In the valley, the nights are cool. Long, hot days are an aberration. And the growing season runs short. Don't expect the big, bold reds. The climate is more conducive to white wines and the German varietals, such as Gewürztraminer.

Domaine de Chaberton's Bacchus — a crisp, white wine with a hint of Muscat and a citrusy finish — is the valley's signature wine, a valley best-seller. Like other Fraser Valley wineries, Domaine relies on grapes from the Okanagan Valley to make the heavy red wines.

This wine appellation offers great bargains. Most bottles go for between $10 and $20 (U.S.), and most wine tastings are free.

A tour full of tales

The small winery Township 7 used to be a cult wine, like Frog's Leap of Napa Valley. Then a couple of years back, some wine connoisseurs proclaimed that Township 7 made one of the best white wines in Canada.

You can guess what happened next to a vineyard that produces only 5,000 to 7,000 cases a year. The winery sold out of its 2003 vintages recently.

You can still grab their rosé — with strawberry and rhubarb aromas — made from Fraser Valley grapes. But the winery made only 147 cases and, well, you can guess what may happen soon.

Another small vineyard lies a few miles north, home of Glenugie Winery, which last year made the valley's first traditional sparkling wine named after Christina Tayler, the late co-founder of this Scottish winery family. The family also makes a medium-body, oaky Pinot Noir, Old World-style with no sugar added, with organic grapes from its 10-acre vineyard.
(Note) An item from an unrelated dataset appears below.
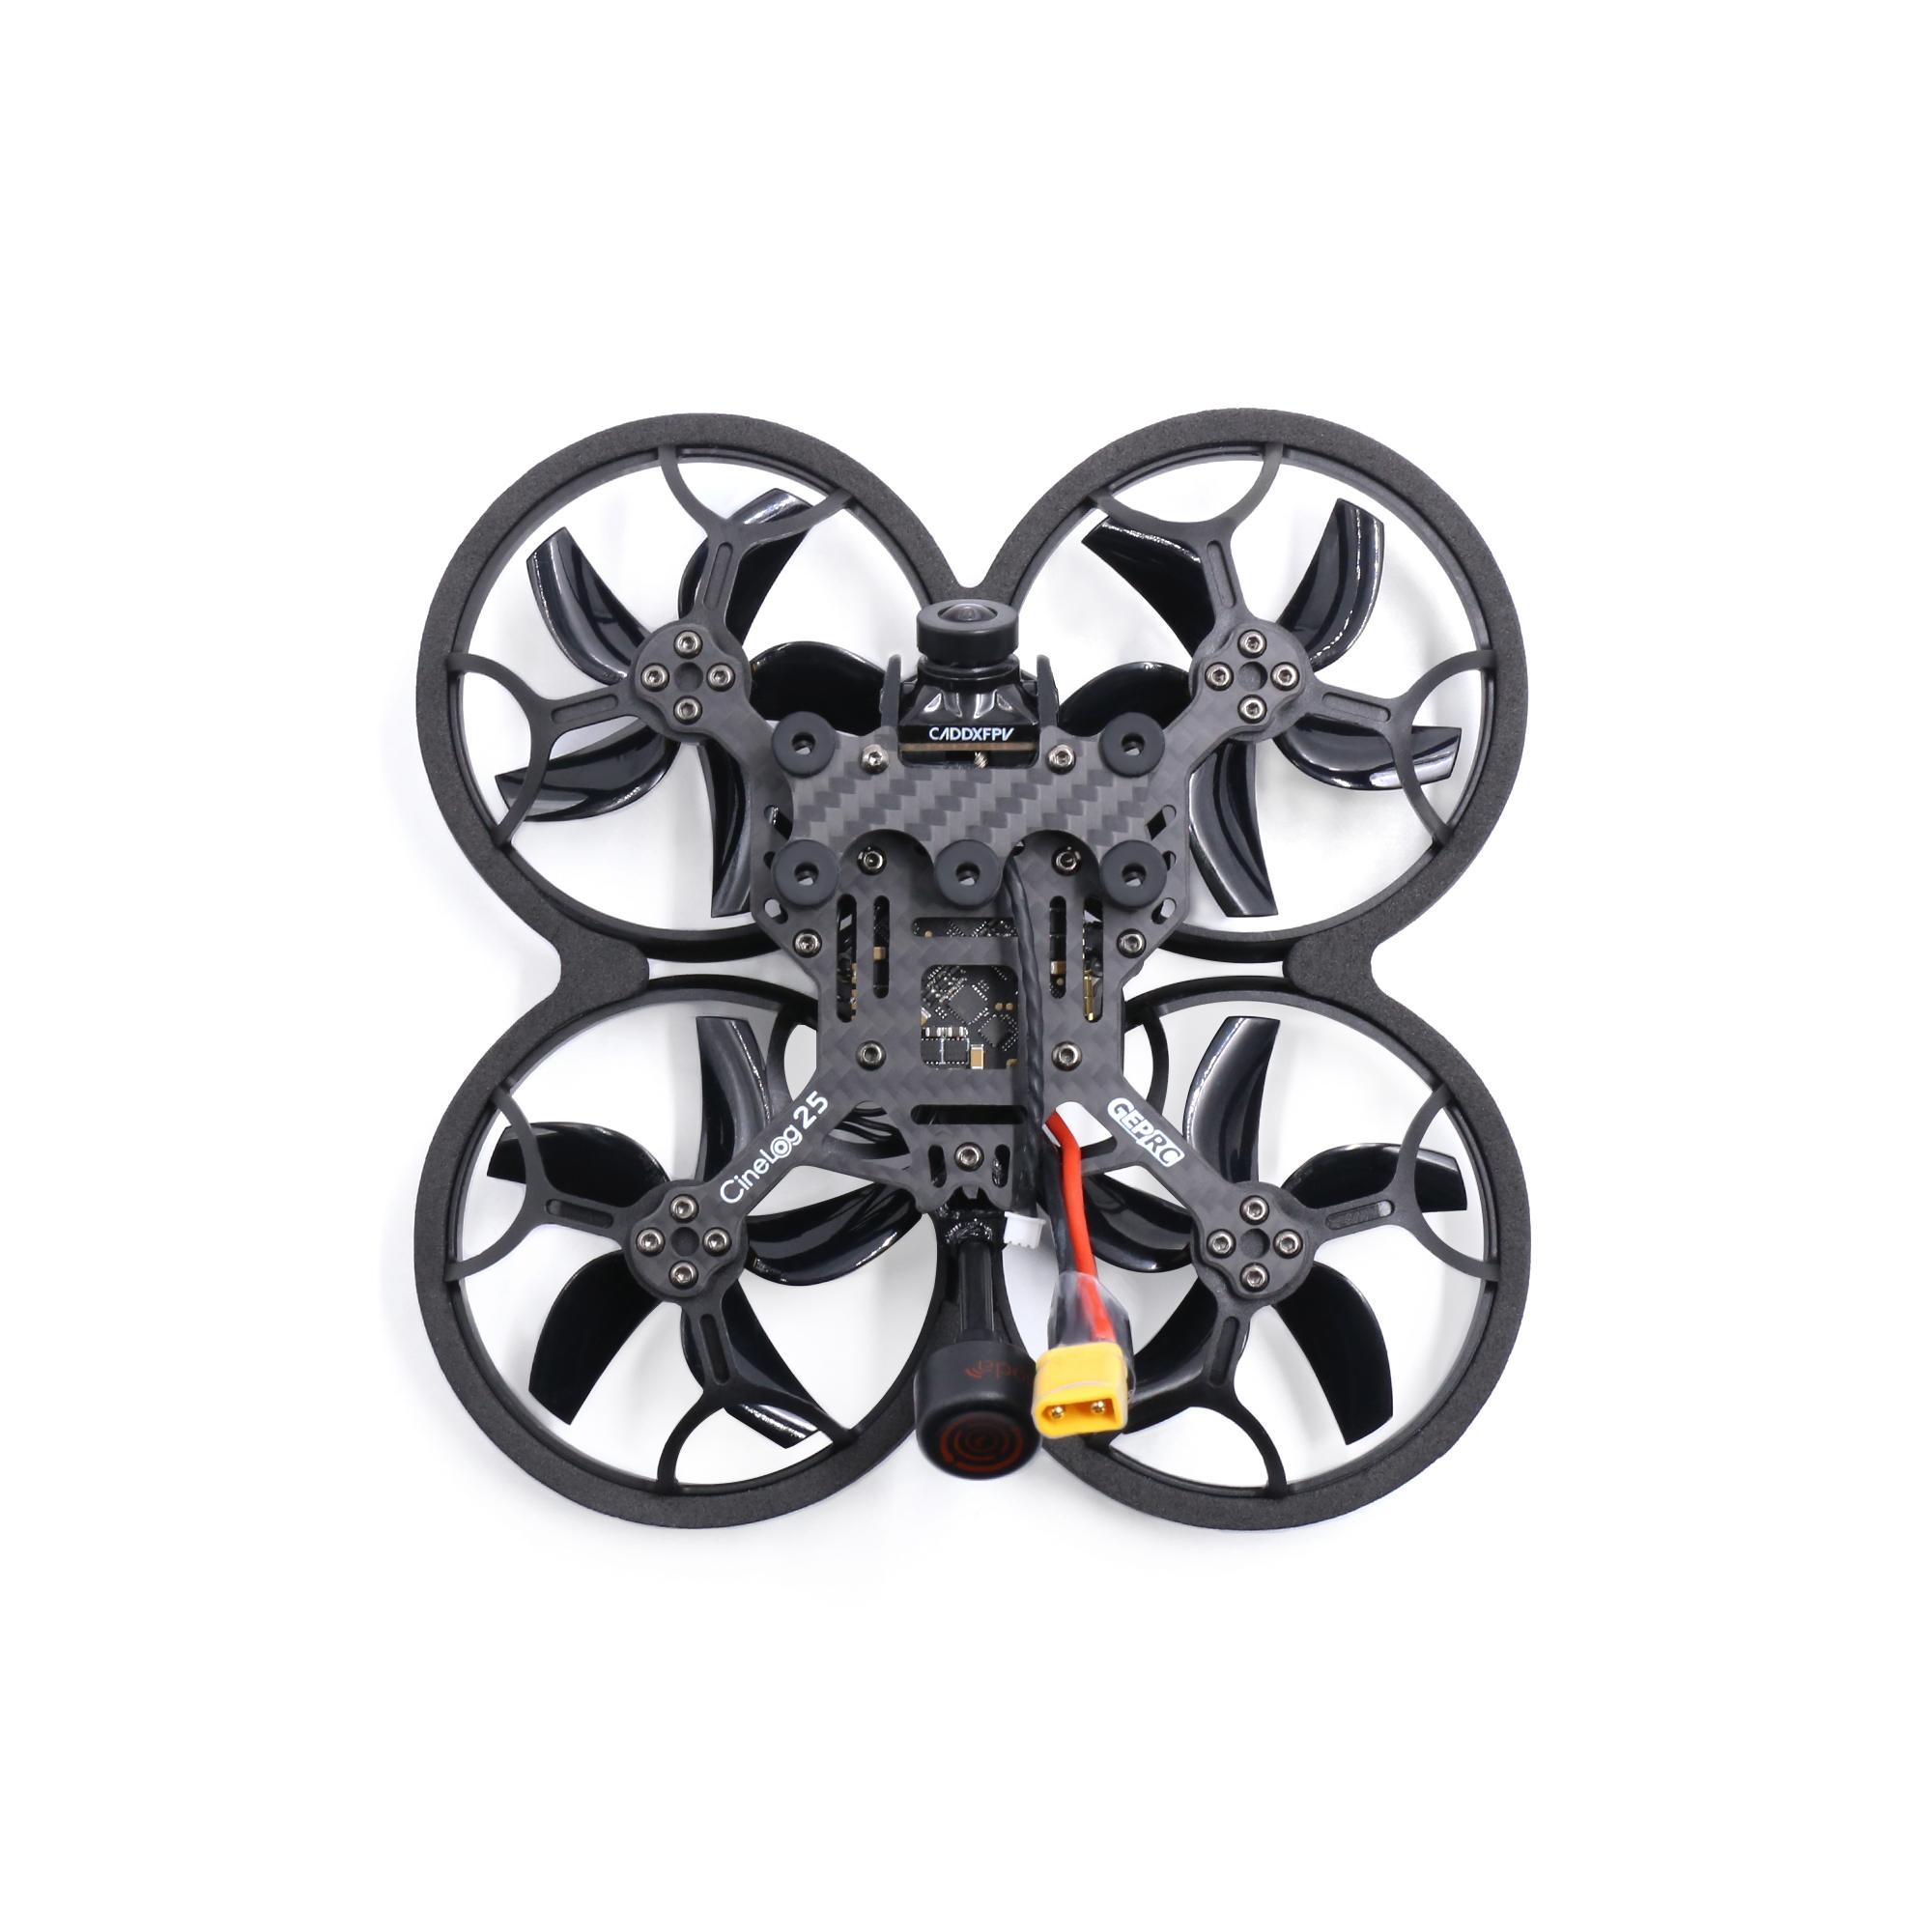 GEPRC CineLog 25 HD Pro CineWhoop Drone

You don't need a tour guide to navigate through the valley. Follow the wine signs, or grab a farm map at most farms and shops. If you can grab a proprietor's time, pull up a chair. Their stories will touch or inspire you.

Take Lee and Patrick Murphy, who ditched the corporate life a decade ago. She was in accounting, he in marketing.

They run the 10-acre Vista D'Oro Farms in Langley, including a carriage house that serves as a cooking school, and produce an impressive line of gourmet preserves: Pear with Pinot Noir. Raspberry with Merlot and peppercorns. Turkish fig with walnut wine (a foodie favorite).

Next year, the couple will introduce a line of walnut wine. The Murphys are some of those culinary-people-to-keep-an-eye on. Don't take my word for it. Ask the French, who, uh, know a little bit about food. The Murphys have been invited to teach a culinary class in Provence next summer.